■ GOAL OF THE EXERCISE
Nothing but the lines from the one showing "Malaysia Airlines 9M-MXS" through the final line of the data below belongs in the answer, duplicated exactly and without pictures.

■ DATASET EXCERPT
Content starts

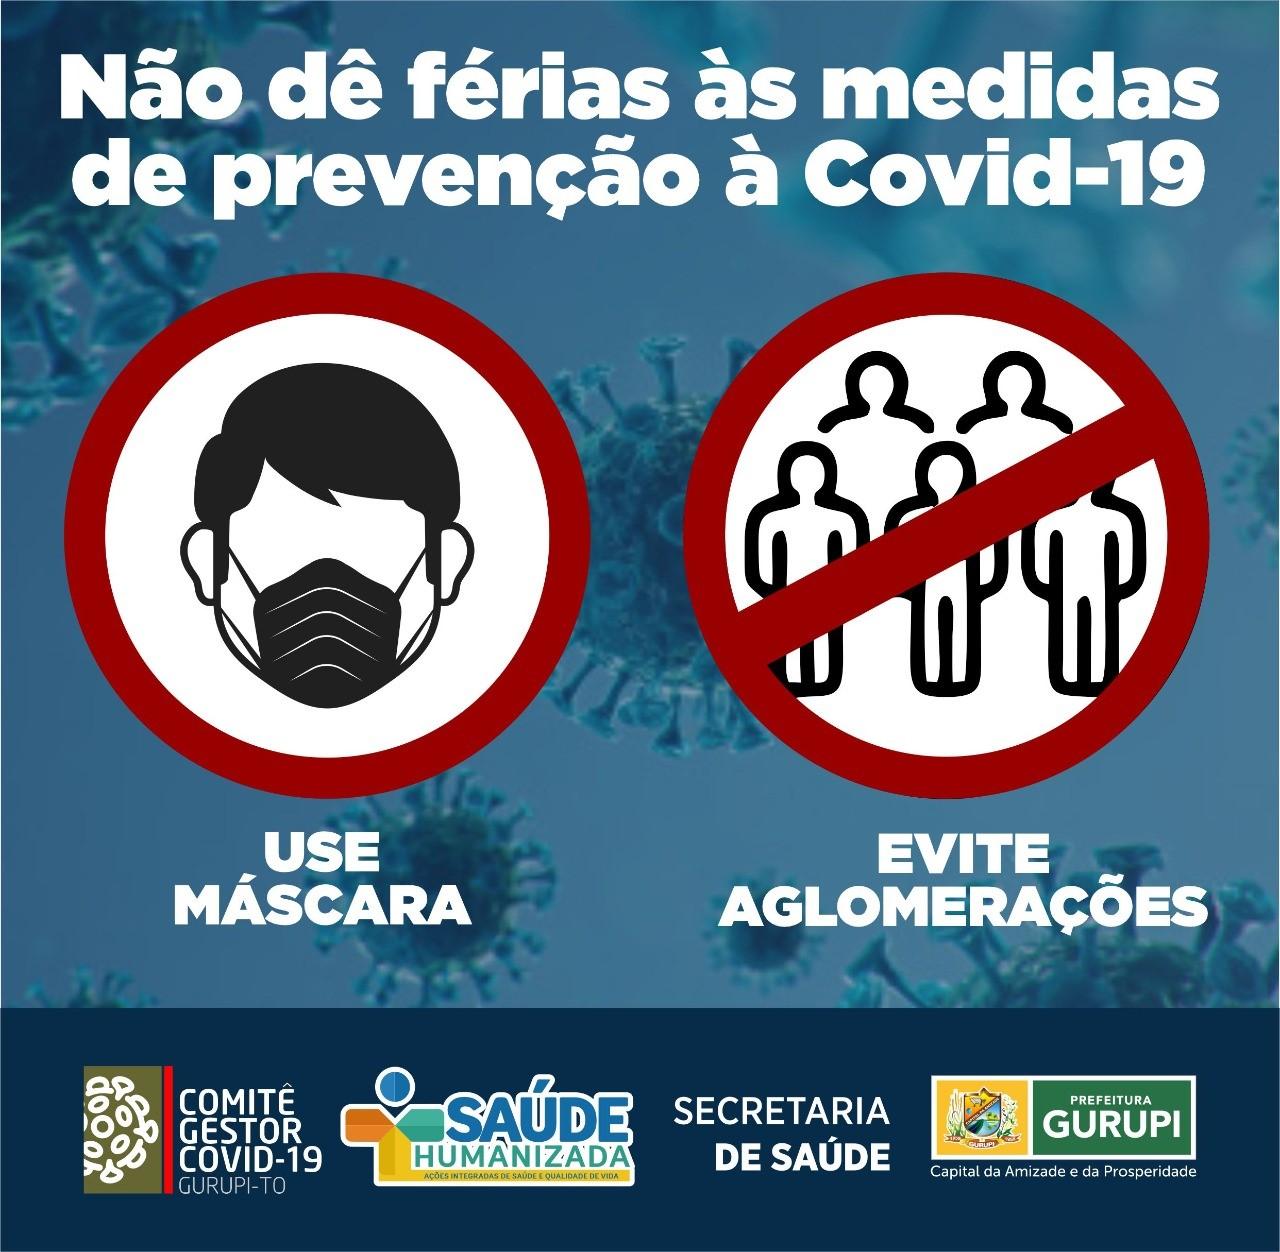 Prefeitura de Gurupi alerta: Em julho não dê férias às medidas de prevenção à Covid-19
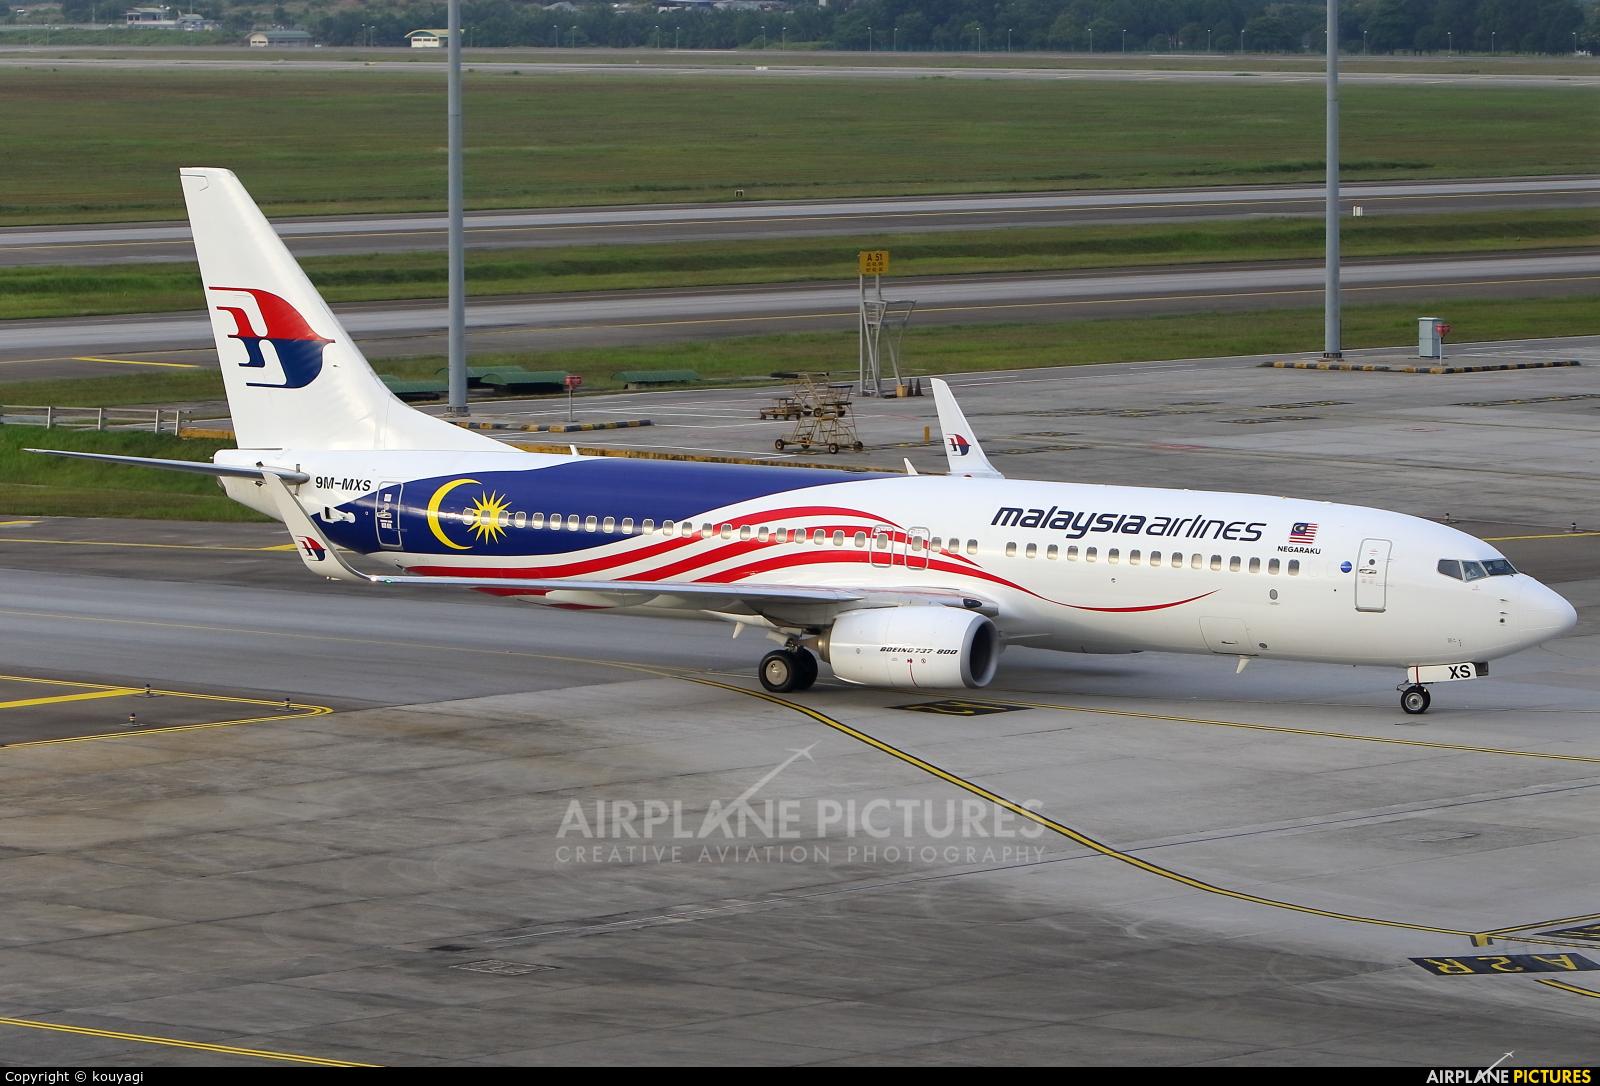 Malaysia Airlines 9M-MXS aircraft at Kuala Lumpur Intl
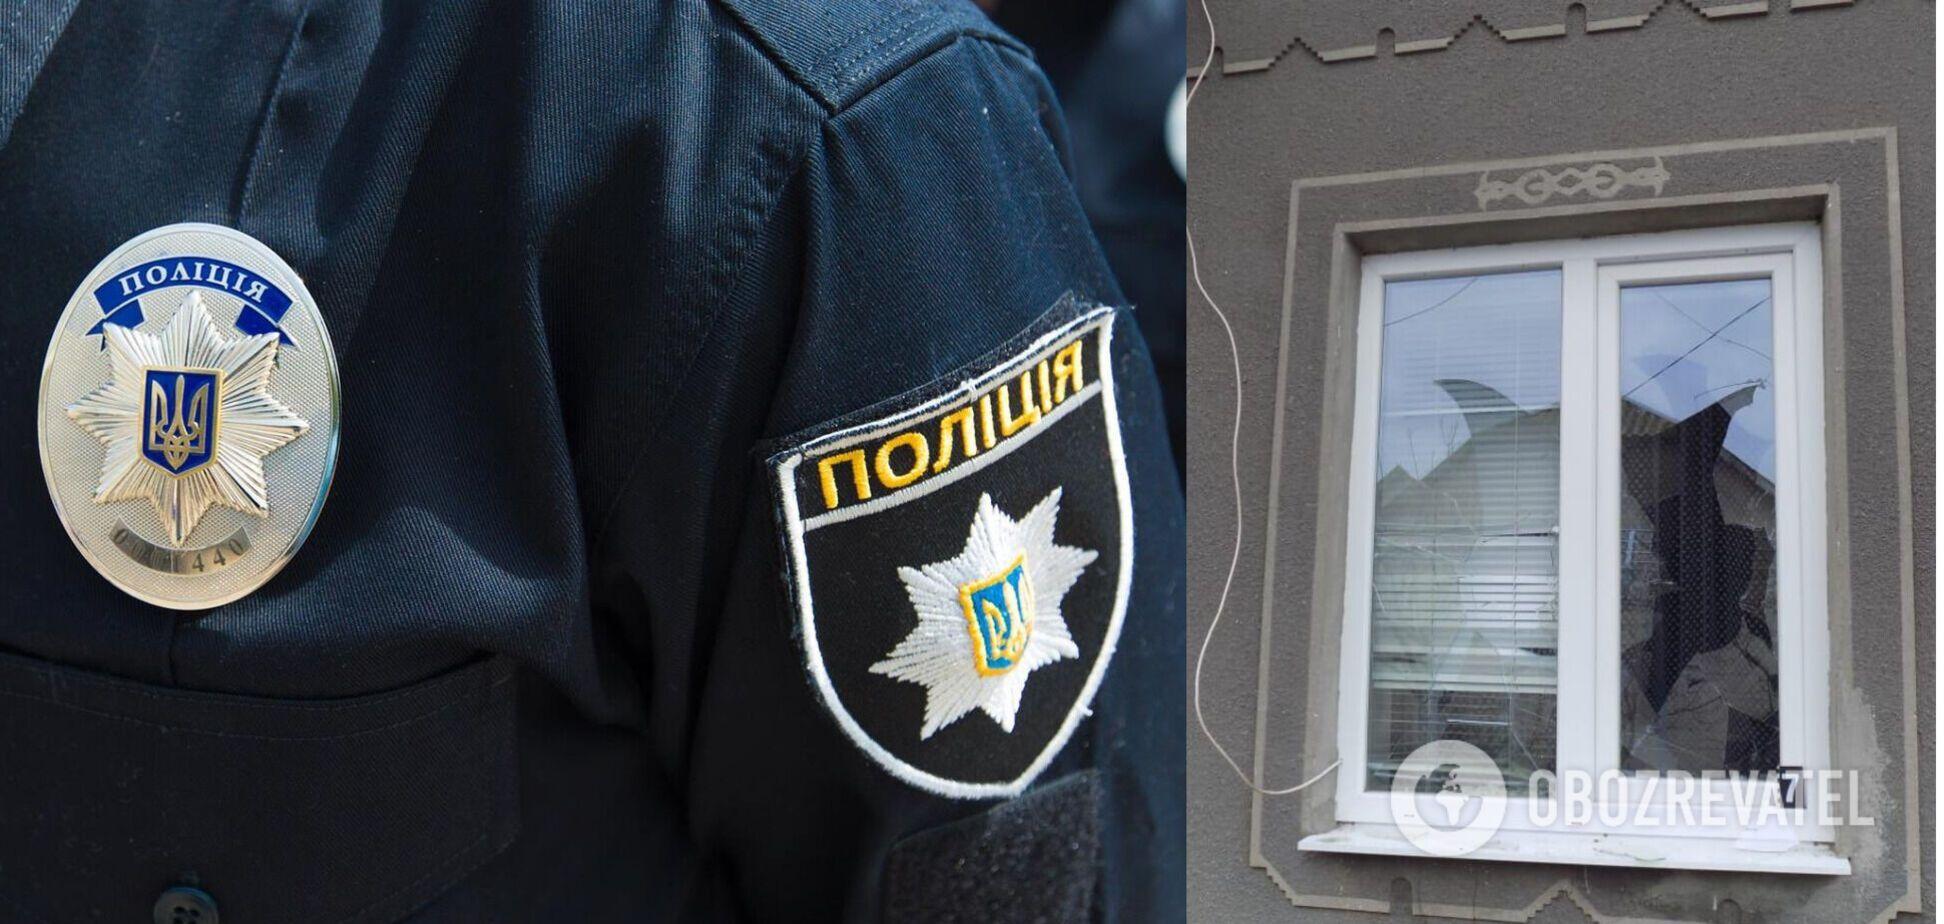 На Одещині чоловік побив батьків поліцейського заради помсти

Content ends

■ ANSWER BELOW
 Malaysia Airlines 9M-MXS aircraft at Kuala Lumpur Intl
 На Одещині чоловік побив батьків поліцейського заради помсти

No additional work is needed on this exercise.